苏愉捡起揉的净是折痕的黄纸包,还没来得及看就被人按在了床上,她不满:“急什么,又不是吃了这顿没下顿。”
“我明天早上就要走,你就随我意让我吃撑死了算了。”
听说明天早上就走,苏愉踢走腿缝里跪着的腿,合拢腿按住男人的手,“等会儿,我给你说个事。”
“啥事都能我吃到嘴了再说。”
“你儿子的事,他被打了。”苏愉猜平安没给他爸说,果然她话一出,支在她身上的男人坐了起来,捡起她的上衣擦下巴上的汗,清了清嗓子问:“咋回事?”

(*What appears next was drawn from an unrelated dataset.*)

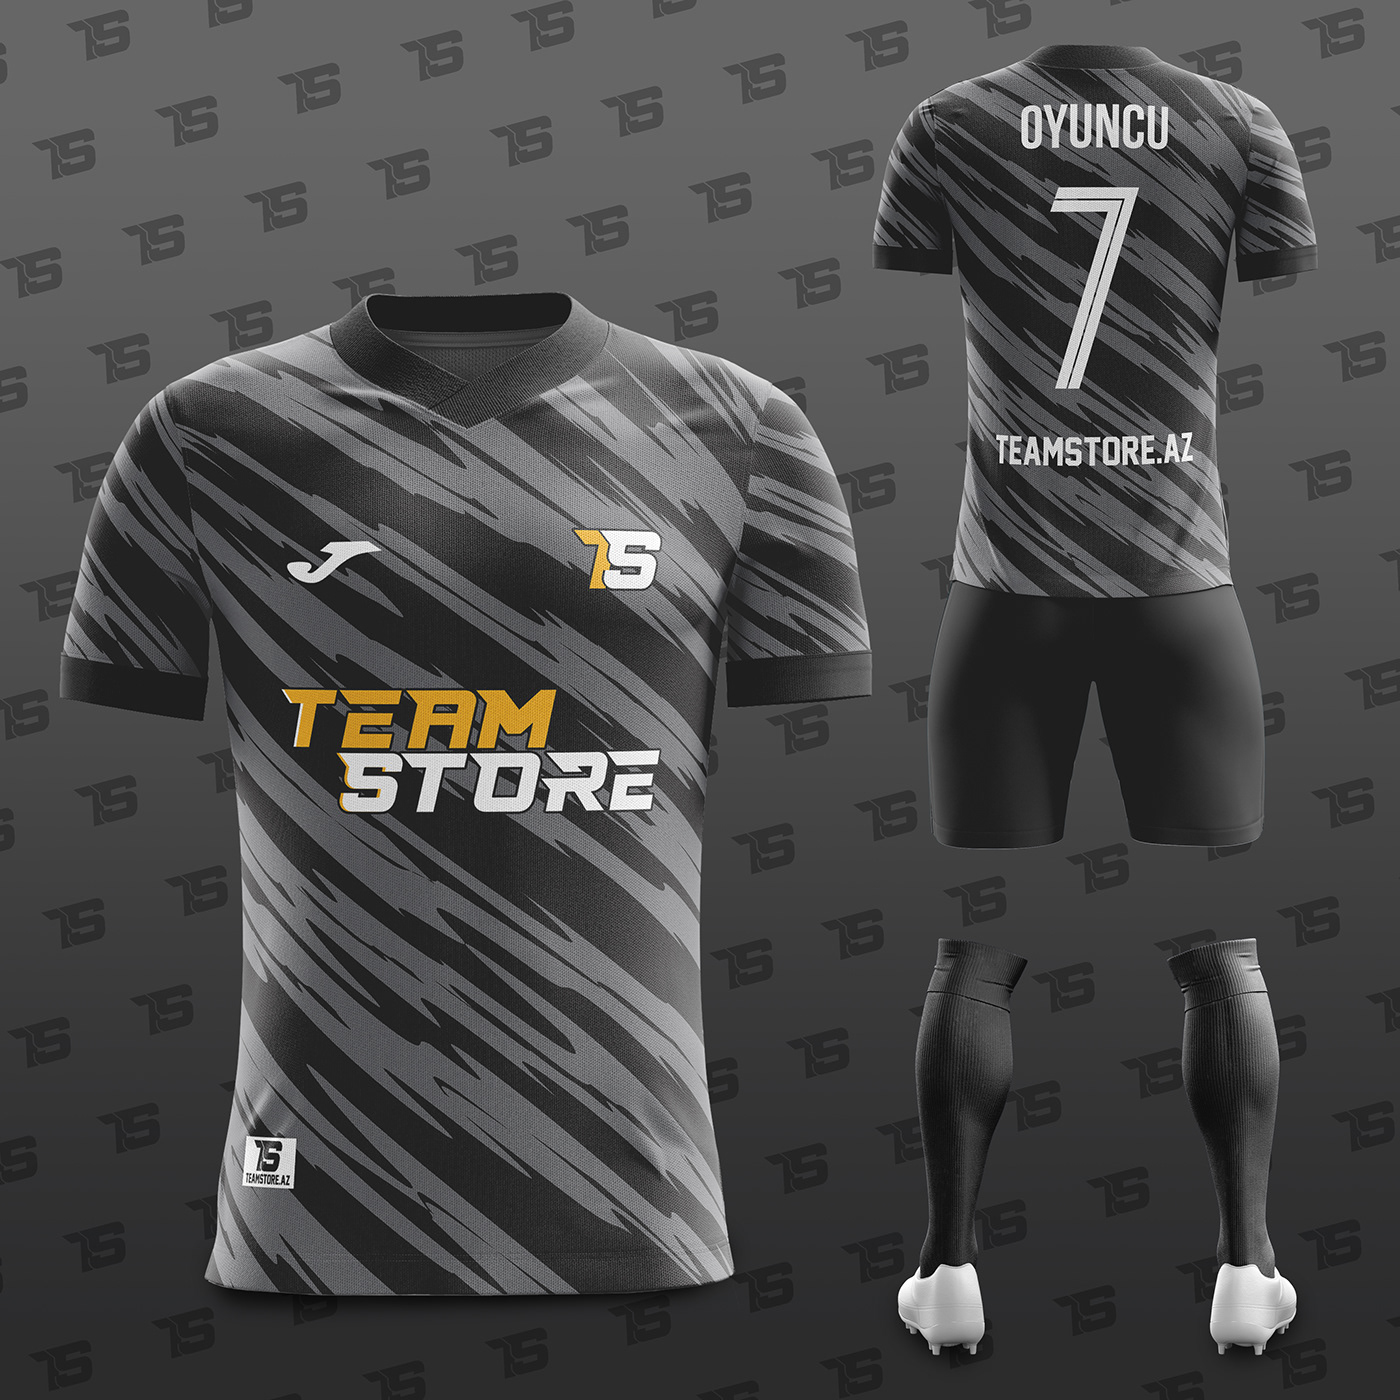 design designer football jersey Jersey Design Jerseys soccer Social media post Socialmedia Sports Design

“你走的当天你妈就喊平安去她家吃饭,说是你二姐来了割的有肉,之后几天也一直来喊,她不进家门也不跟我说话,每次喊了平安就走。今天中午也是,她在外面说她给平安煮了鸡蛋,而且只给他一个煮的,哥哥弟弟都没有,平安就跑去了,但实际上没煮鸡蛋。”接着苏愉就把平安给她说的如实又讲了一遍,尤其强调了孩子磕破了嘴,袖子也都打湿了。

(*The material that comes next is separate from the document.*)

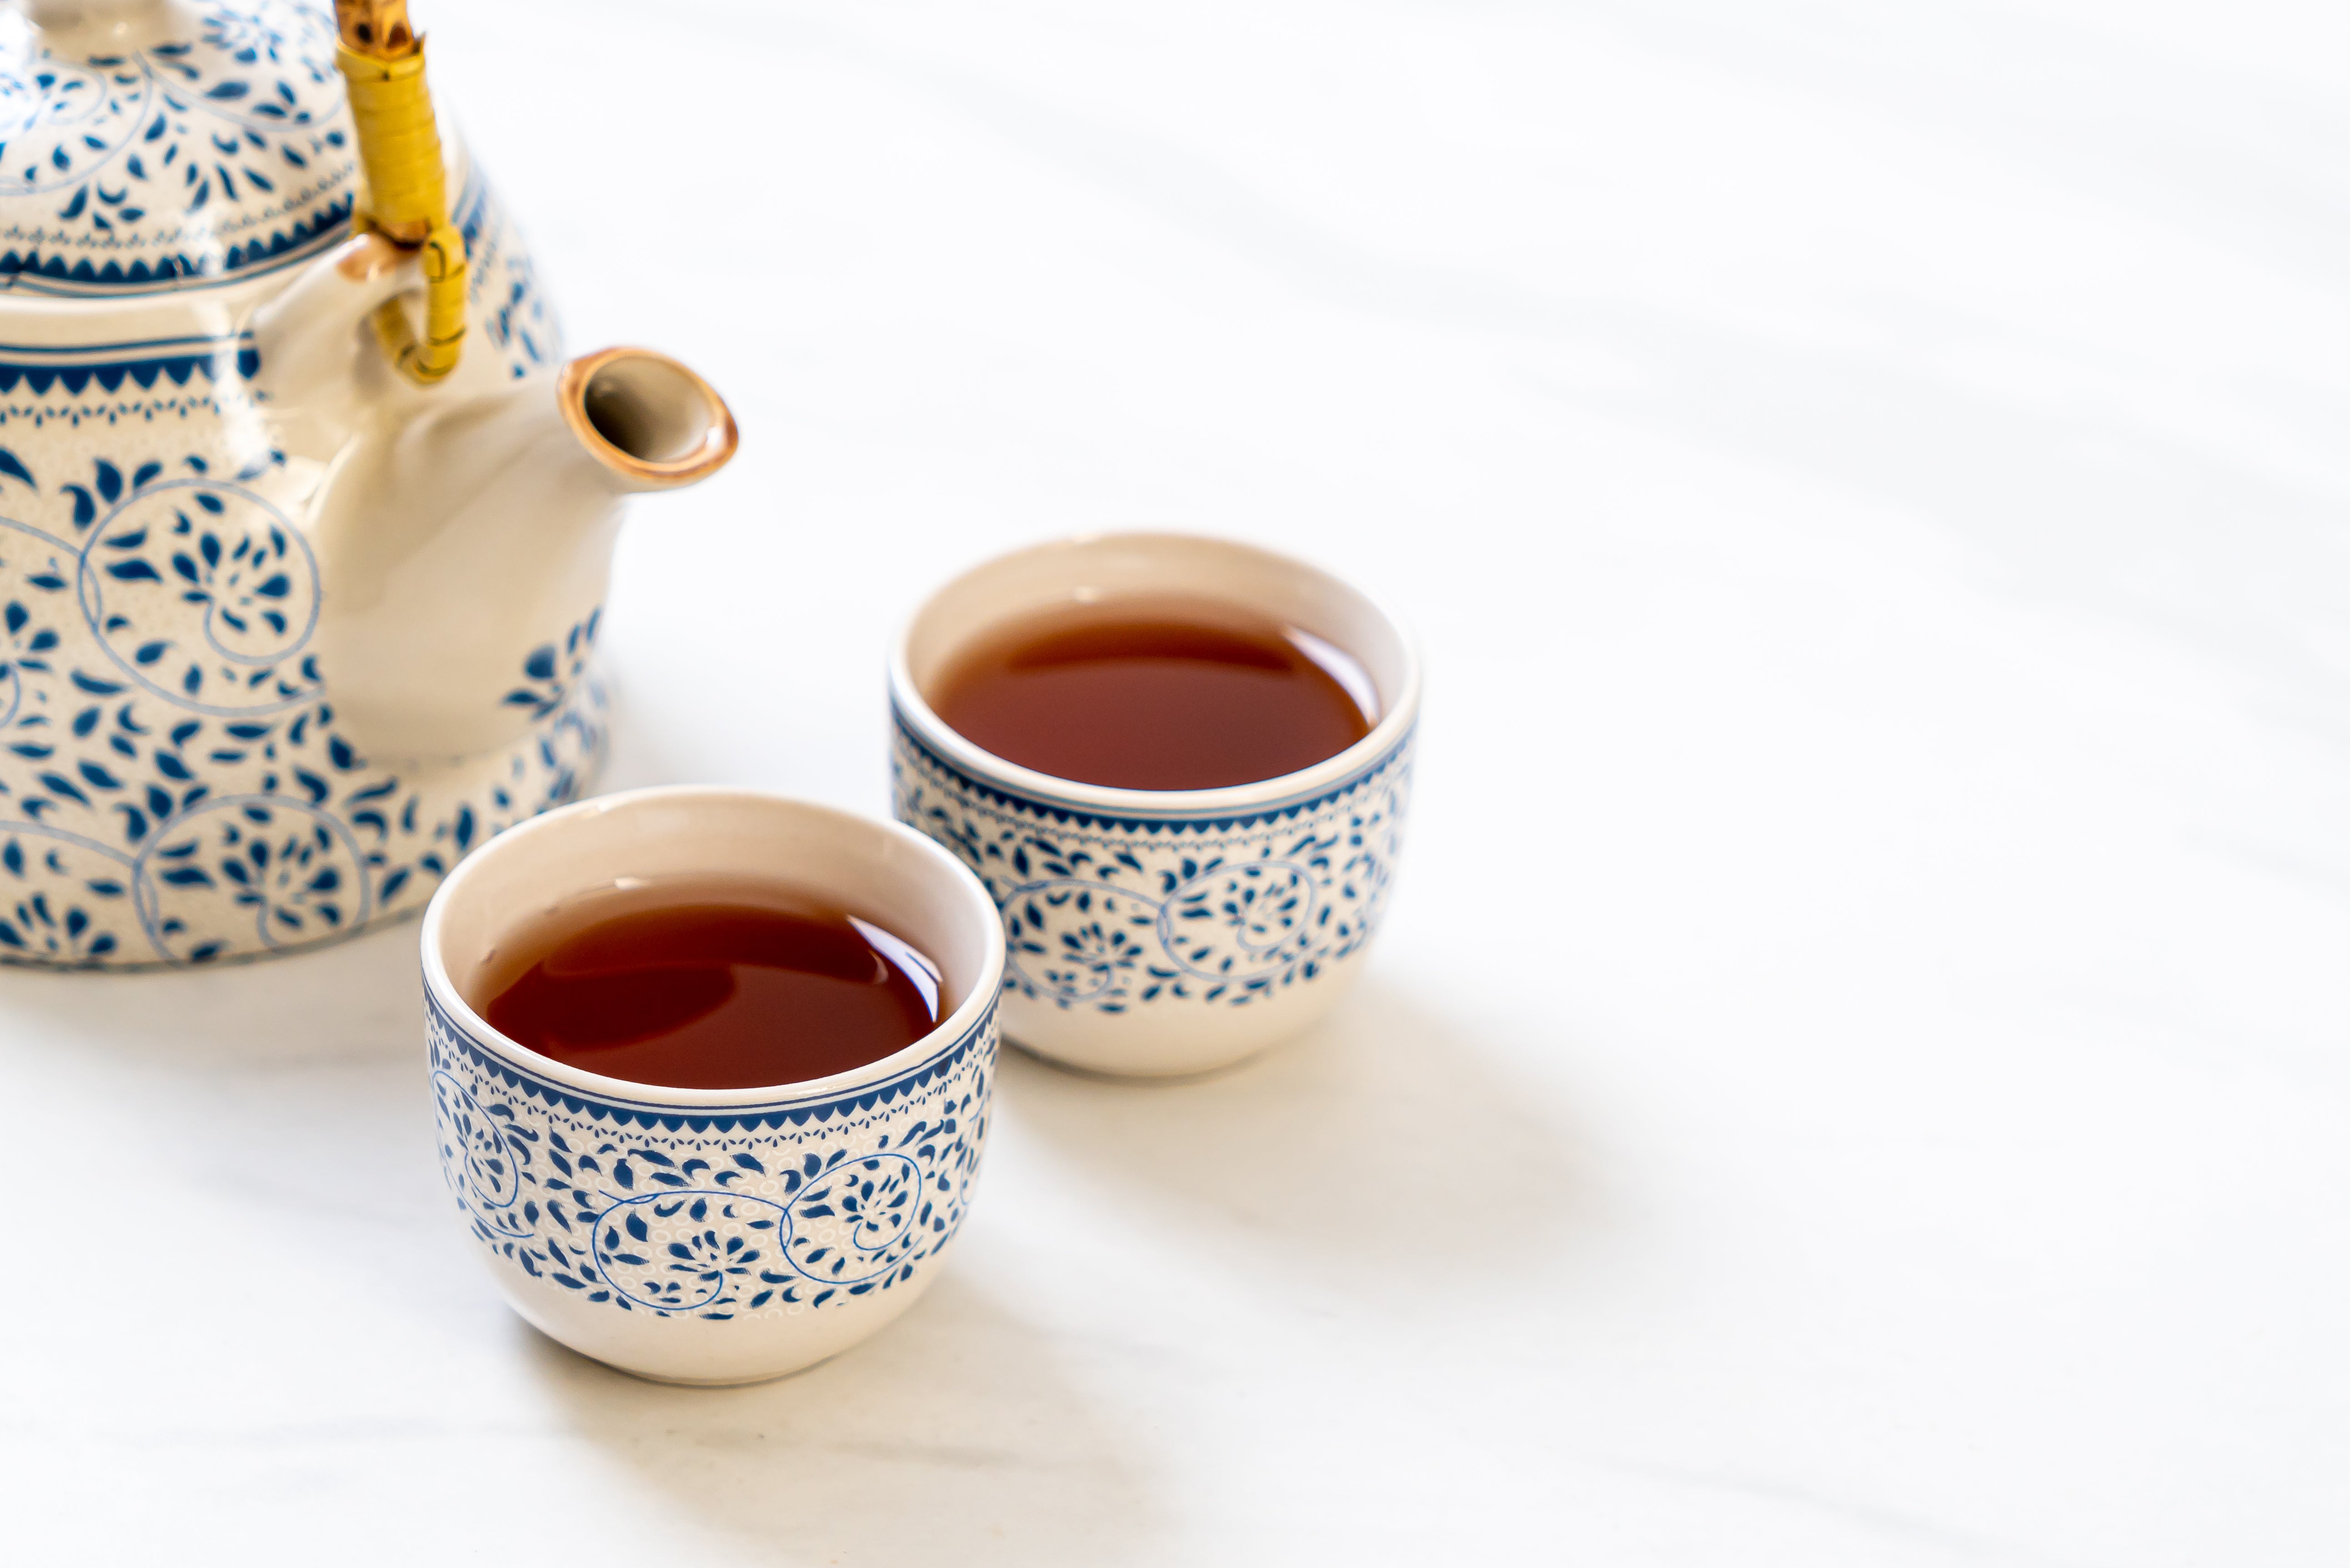 Les 5 astuces pour le thé au quotidien

“我知道你妈看不惯我,想找我麻烦又怕我爹上门找她讨公道,她就想来败坏我名声,让周围邻居都知道我是恶毒后妈。但她拿平安下刀就不太好,我们四个人是一家,我俩又不会离婚,你妈挑拨平安恨我怨我,于我来说就是多了个看不惯我的人。但平安不一样,他恨我也会恨小远,更会怨不愿意跟我离婚的你。我看你回来了一直抱着平安就知道你是个慈父,没有男人不喜欢自己的儿子,我也不愿意因为旁人的话造成你们父子两个有矛盾。”
说这些话时,苏愉低哑着嗓子柔和了声线,把“为你着想”拿捏的妥妥的,她被她这白莲姿态麻起了一身的鸡皮疙瘩。
宁津揉搓着脸,他被他妈的小动作搞得满心烦躁,不住一起她还要来找茬,之前熊熊燃烧的燥火现在退了个干净。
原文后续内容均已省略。